From the very beginning, I felt you deeply, so deeply that it hurt me, what I could read from the depths of your soul, and in this phase of healing, time was not on my side to be there for you.
Even if I tried, there were no good moments,
until now, a moment of relief, a quiet opportunity to be in a space where everything I love is there for one day, and everything that is bad really disappears and finally heals.
I thought you should know, I thought you knew everything.

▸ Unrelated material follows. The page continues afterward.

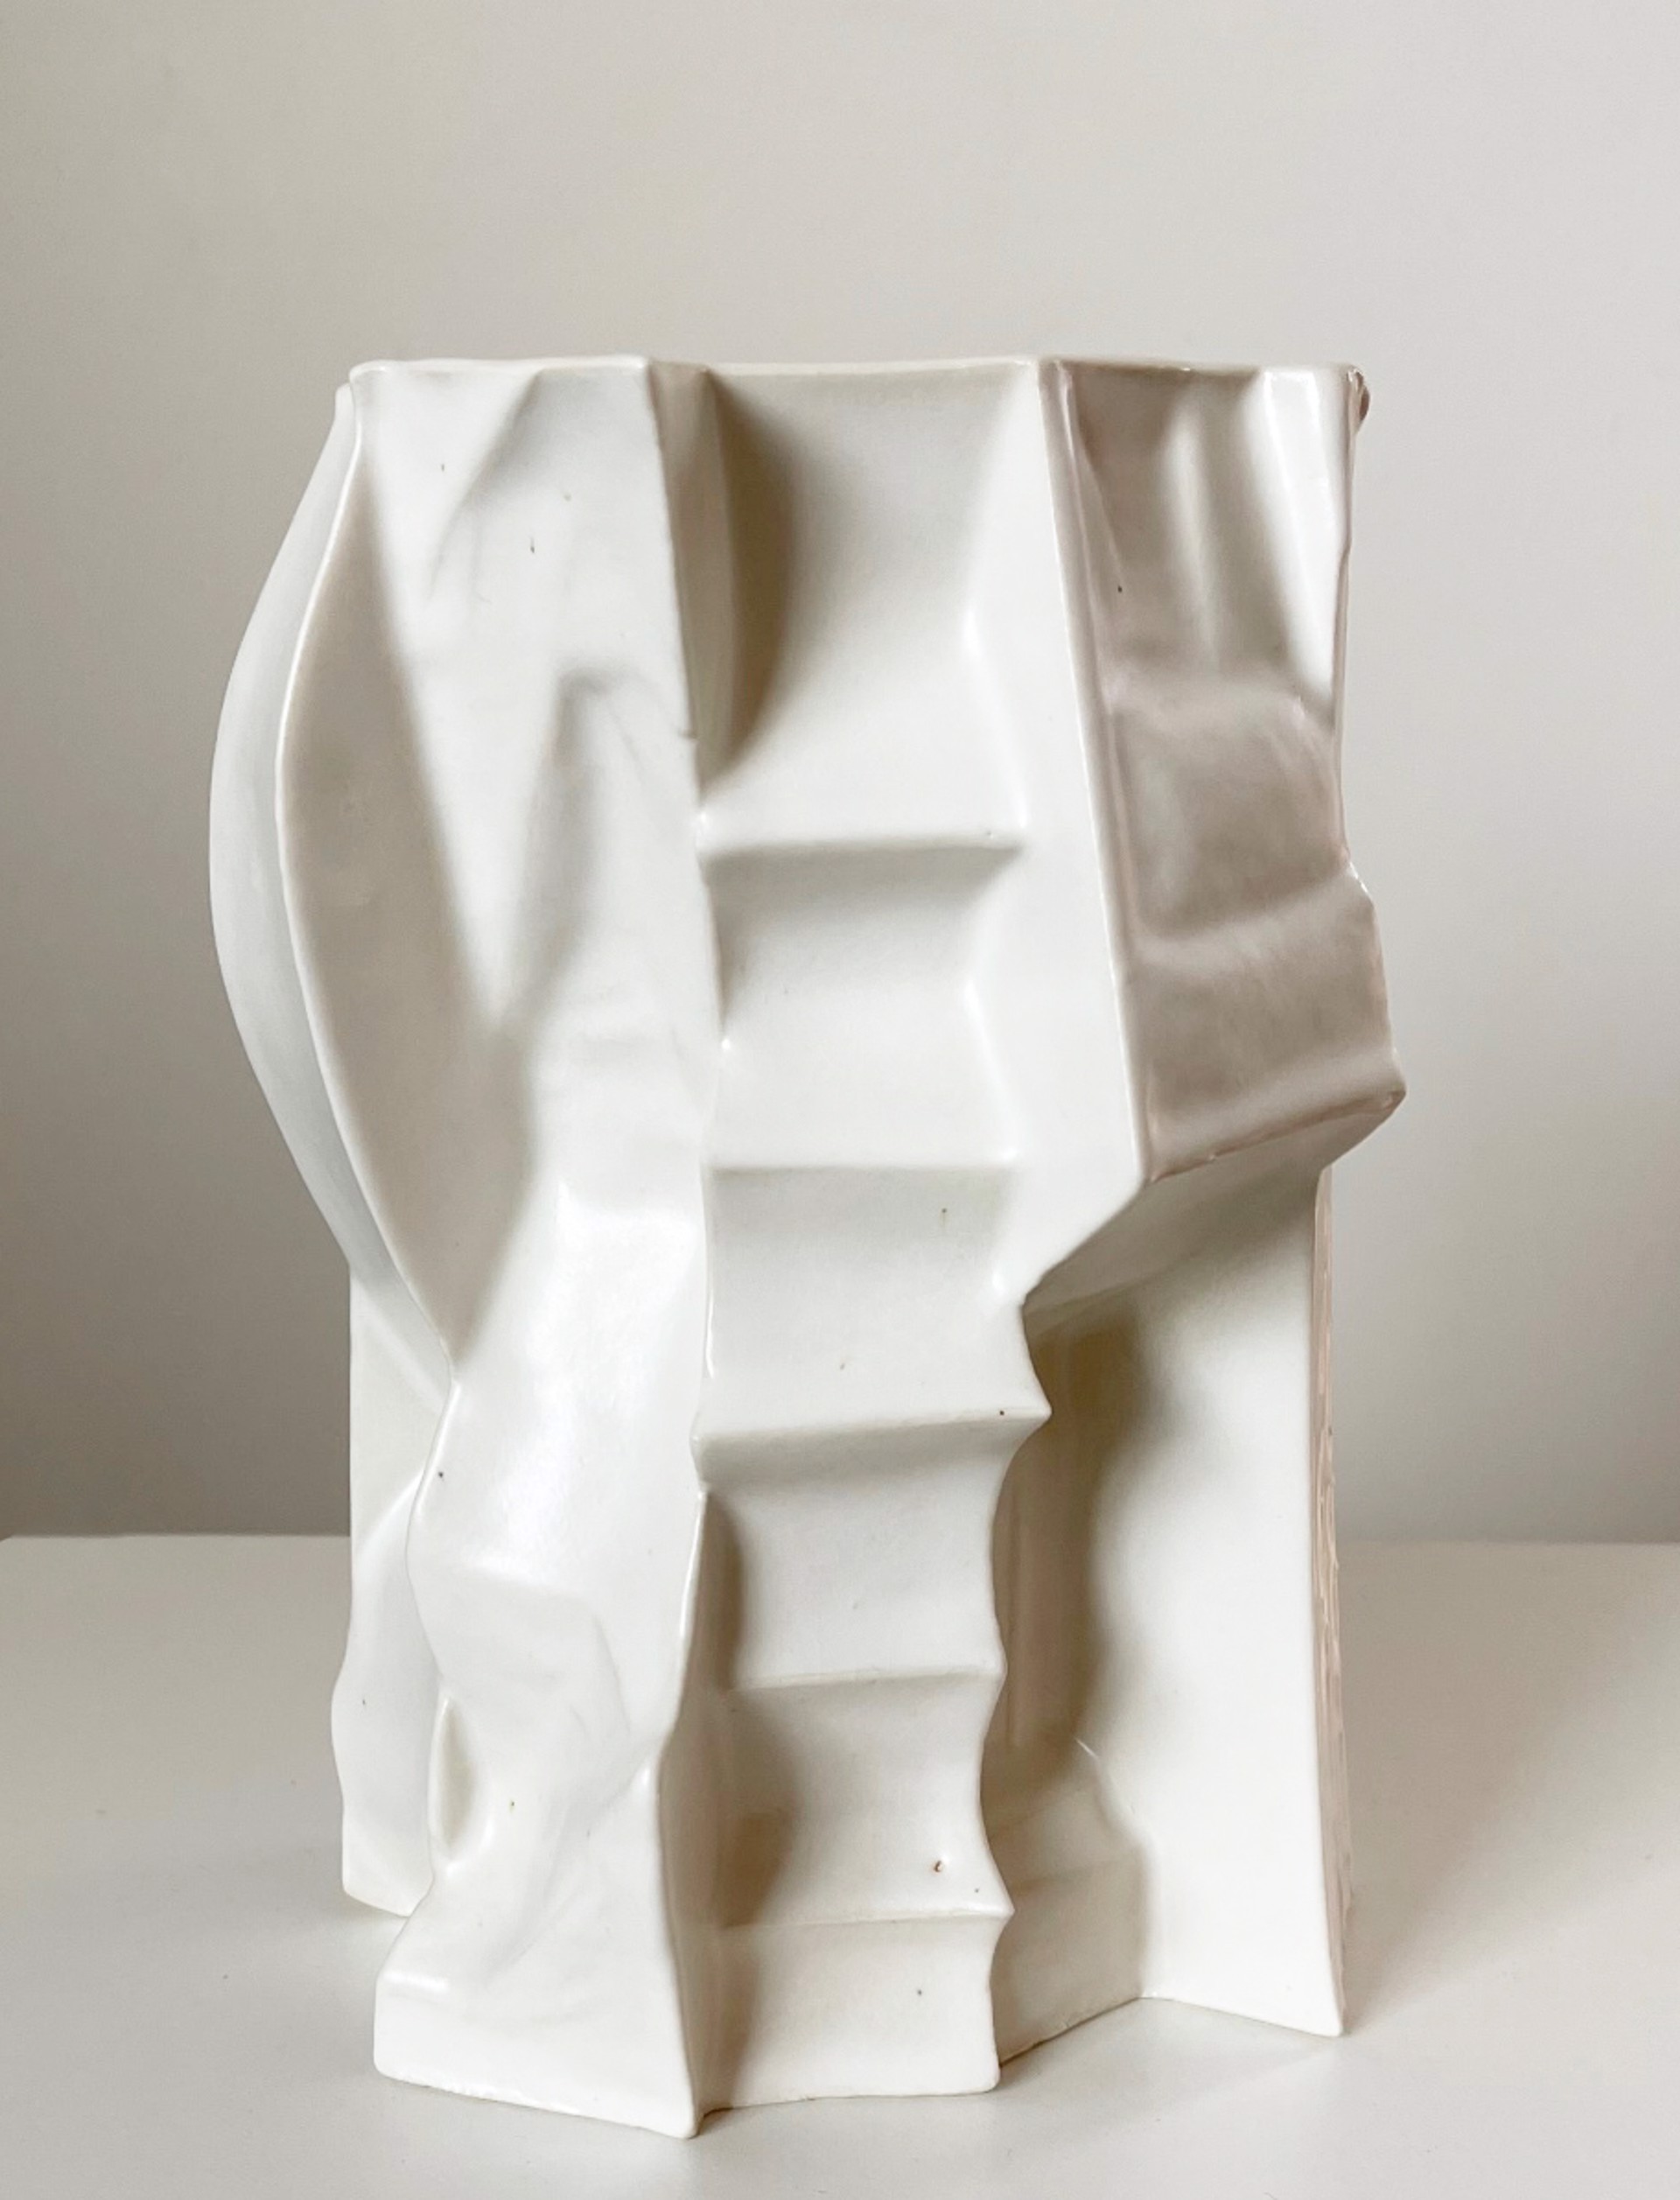 Wedge Vase by Ceramics Factory
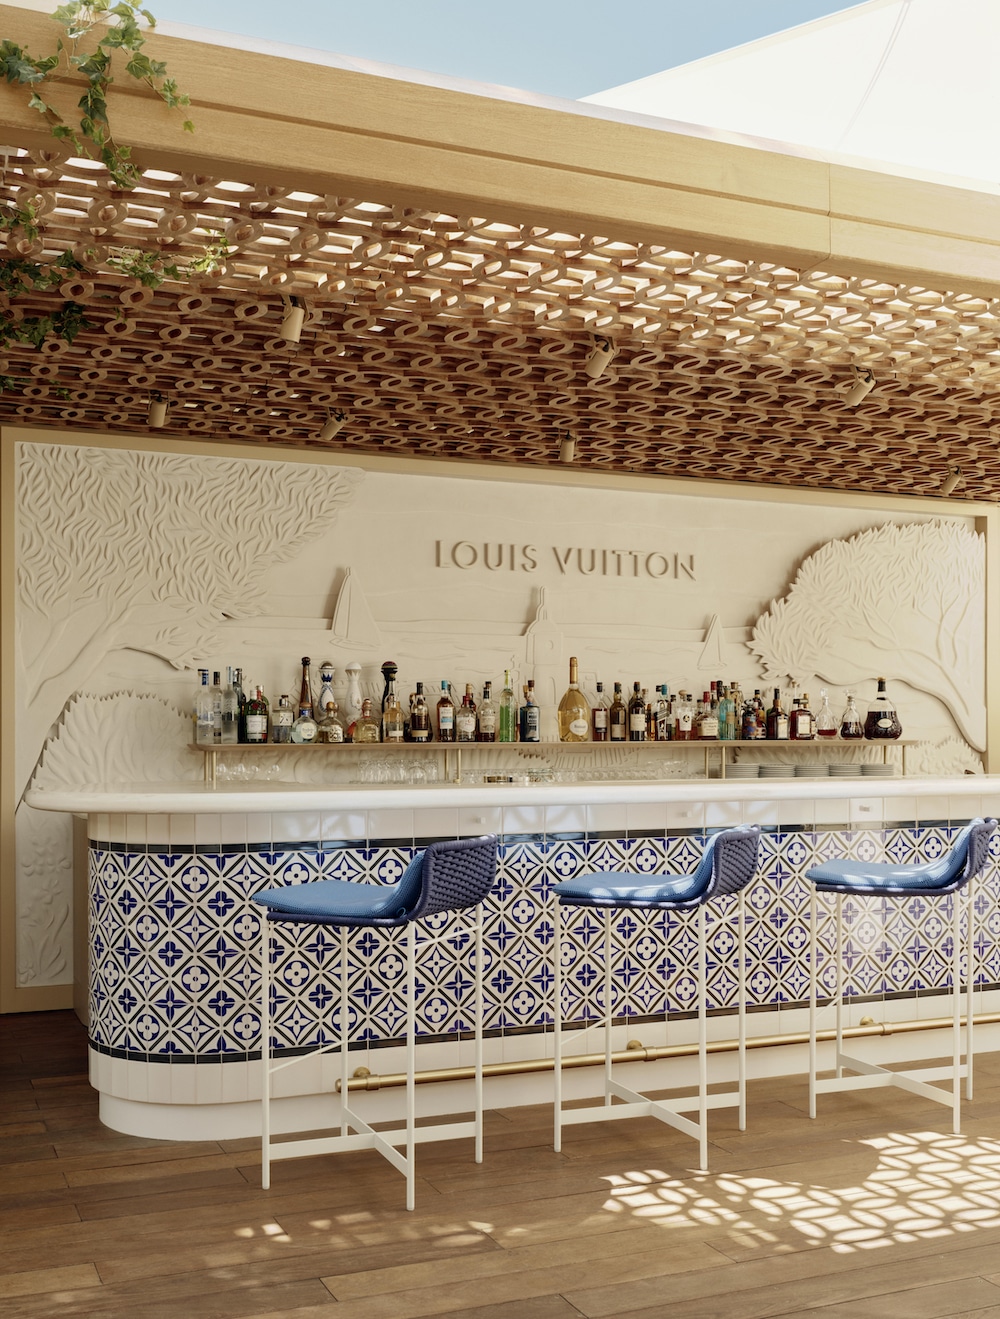 Saint Tropez Restaurant: Louis Vuitton Fusing Fashion and Food

I felt that love too, so strong, coming out of nowhere. I wish I could hold onto it, but I lived with madness all around, taking my whole my time, my life
and peace was never present and never will be, living with the mad, you need to go through chaos every day, except in my own practice and the space that only we ourselves can create.
I feel free from the inside out thanks to your constant love.
I loved you so much that I simply couldn't breathe from the intensity of my existence and feeling you.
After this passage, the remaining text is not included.